The real problem is that the NRSC is not a video game company, so making a fun little time-waster isn’t enough. With 64 days to go until Election Day, everything released by a party committee has to have a message. Giopi’s mission is, as the game suggests, winning back the majority of the US Senate. If you beat the game, you get a congratulatory note about how taking back the Senate will mean the end of the “red tape” and “regulations” holding America back.
“Red tape?” “Regulations?” Is that the compelling case the GOP is making to American voters this year?
People have lost their health coverage or been forced to pay more. Hourly workers are seeing their shifts cut short because the money isn’t there to pay them. Middle East terrorists are operating with no fear of retribution.
Maybe it’s just a game, but the NRSC’s tone deafnesses and inability to verbalize what they can offer the electorate in such an easy setting should be unsettling to anyone thinking about cracking their wallet open.

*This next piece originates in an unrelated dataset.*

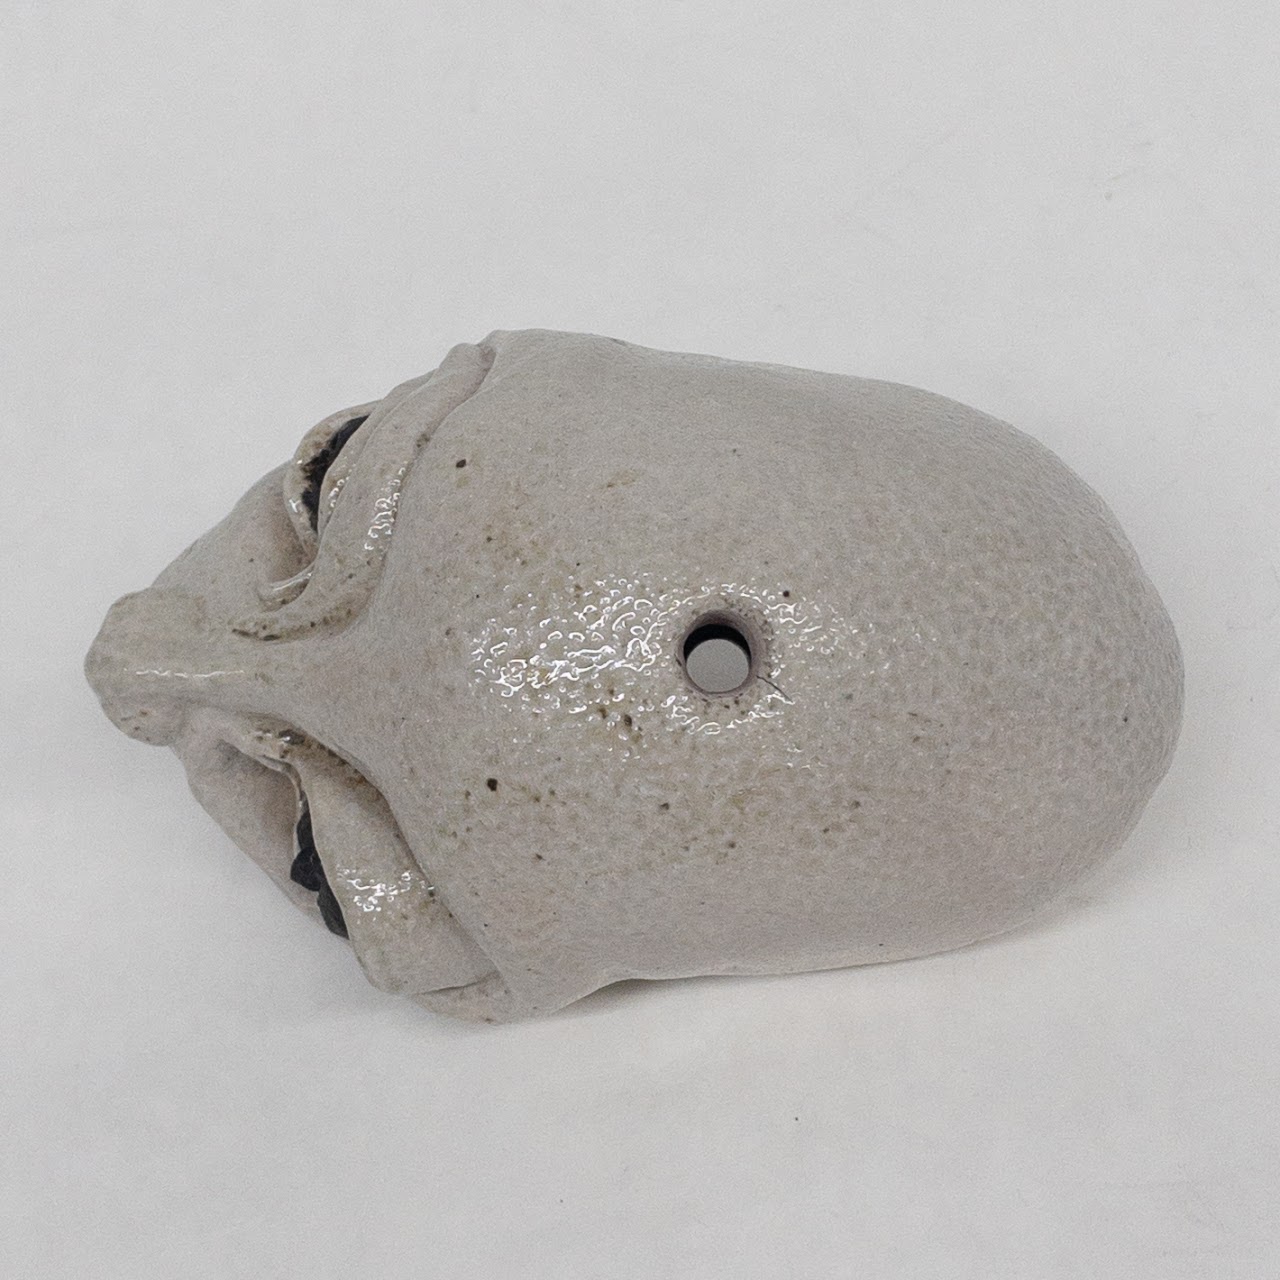 Studio Ceramic Signed Alien Head Sculpture

The “Against the Spread” Election
Princeton University’s Sam Wang thinks Democrats have a 65% chance of holding onto the Senate. Republicans should be spreading that news far and wide.
Unfortunately for the GOP, most of the news media seems to take a Senate flip as fait accompli. The concept of the “point spread” – a staple of fall once football season kicks off – applies to elections, too. Expectations are the point spreads of politics. For example: Conventional wisdom in January stated that Sens. Mark Pryor and Mary Landrieu were toast. But both are legacy politicians in states which favor such things, making the incompetence and indifference of their party’s nominal leader less relevant. Fewer people than anticipated in Arkansas or Louisiana seem ready to link their November vote to the fact that the last year of the Obama Presidency has looked like a mix between a Jerry Lewis movie and that scene in Office Space where Peter stops pretending to care about his job.

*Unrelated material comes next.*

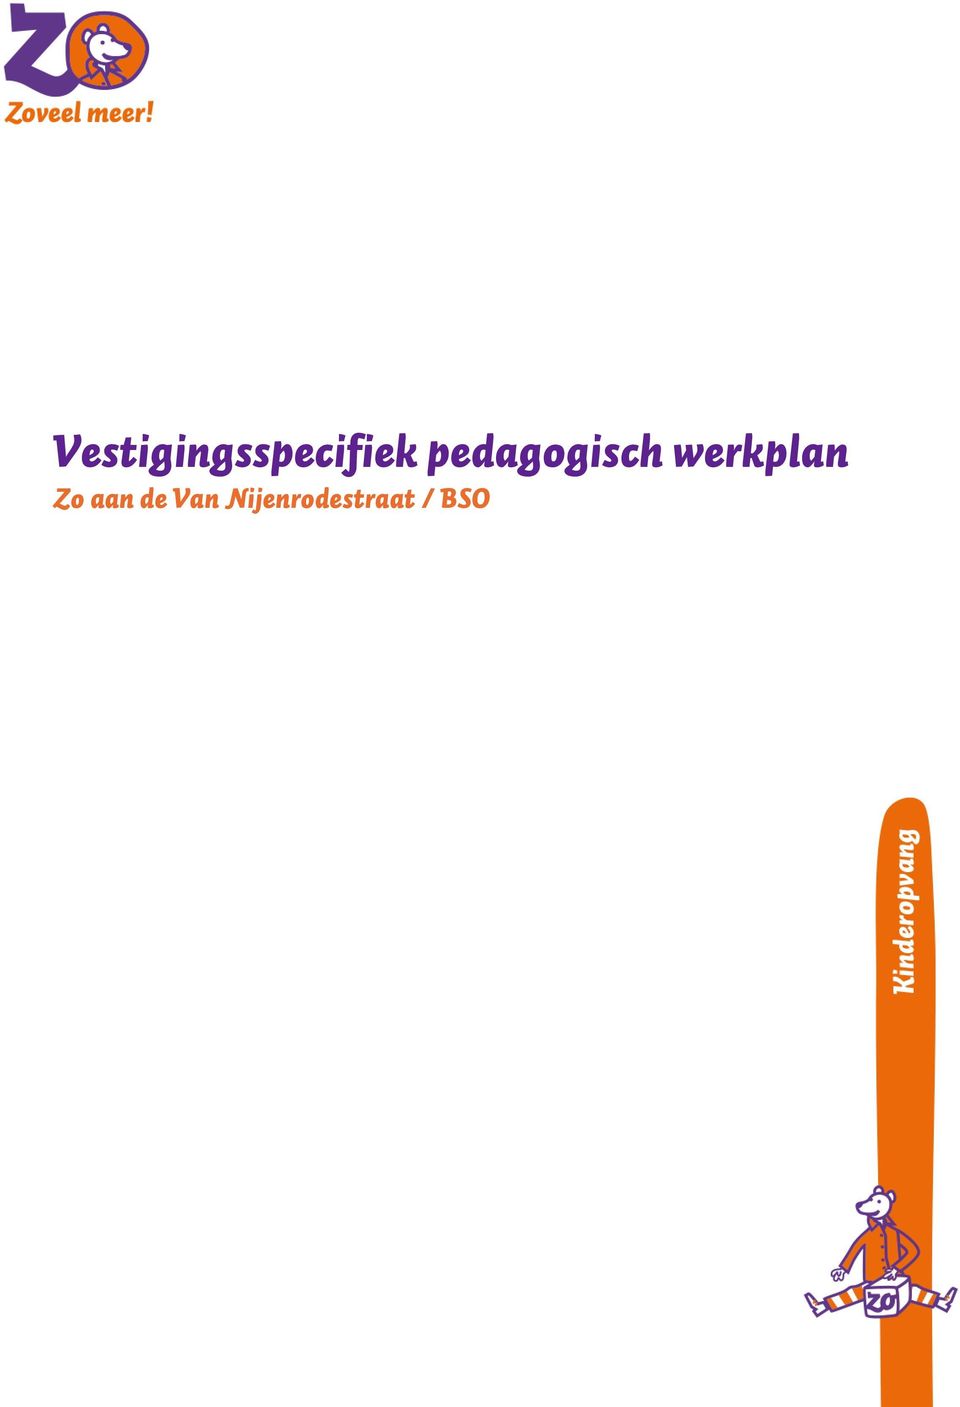 Vestigingsspecifiek pedagogisch werkplan Zo aan de Van Nijenrodestraat /  BSO - PDF Free Download

Should Pryor and Landrieu pull off razor-thin victories, pundits will cluck that even in red states, Republicans were unable to win enough support to topple vulnerable incumbents. On a national scale, if Republicans fail to win the Senate despite major media outlets anticipating a flip, there will be similar indictments of the GOP’s messages and strategies.

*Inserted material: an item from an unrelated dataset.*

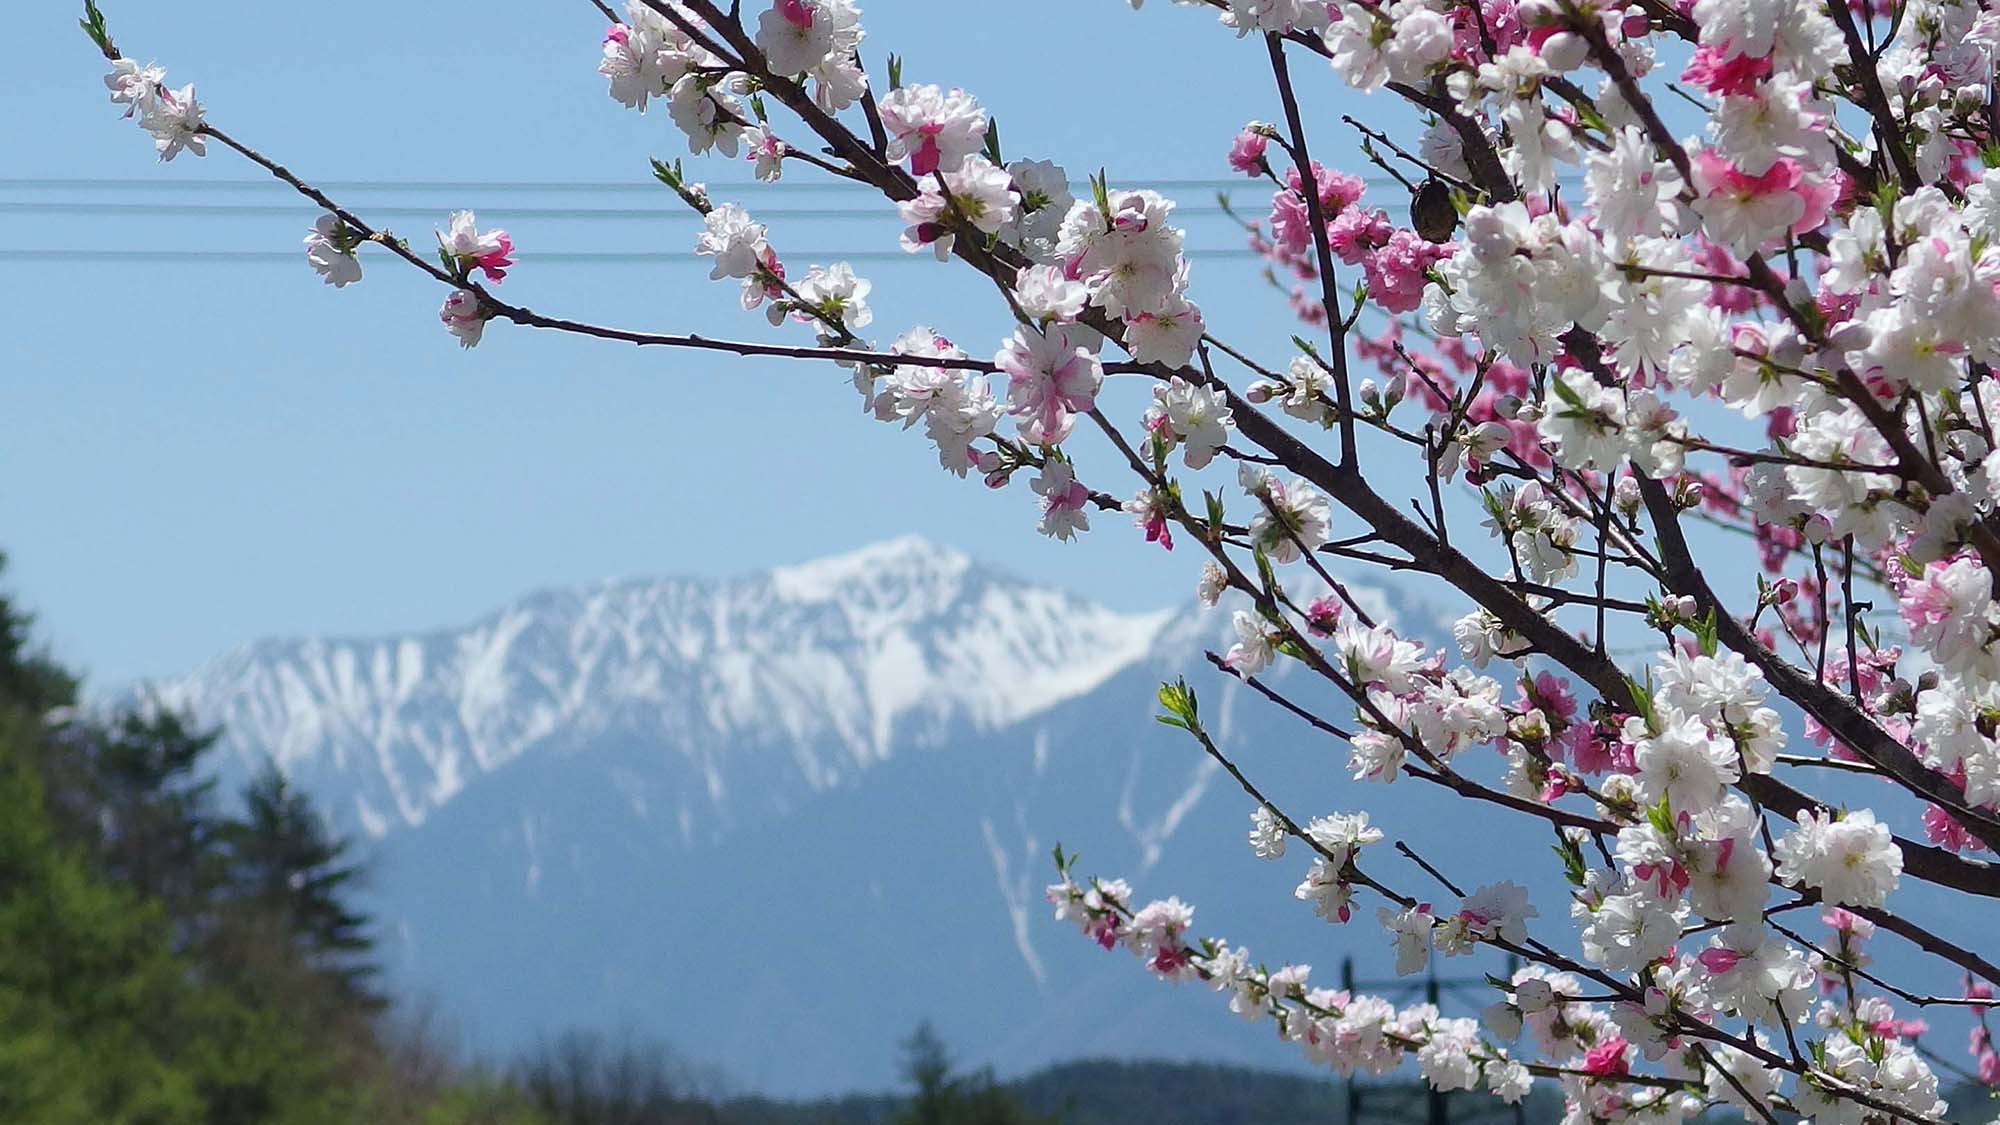 ・アルプス山脈を背景に咲き誇る桜の花

Now would be a good time to temper national expectations. Party officials should talk about the lack of a national wave, while pointing out that frustration has been building for some time. Political reporters should hear a steady drumbeat of phrases like:
- “This isn’t 2010.”
- “People are frustrated with all of Washington right now, we’ll see how individual races shake out.”
- “A Senate flip would be pretty drastic based on the numbers of seats we’d have to pick up. We have some great candidates, but that might be a little bit of a stretch.”
A round of stories right around Labor Day throwing cold water on the national excitement wouldn’t be the worst thing (though it might have been better about a month ago). By framing a Senate switch as drastic, historic, and improbably, the GOP could have been in a position to claim an even greater popular mandate heading into 2015.
As it is now, a Republican majority is something the chattering class are expecting – which would frame even an appreciable gain of five Senate seats a crushing national loss.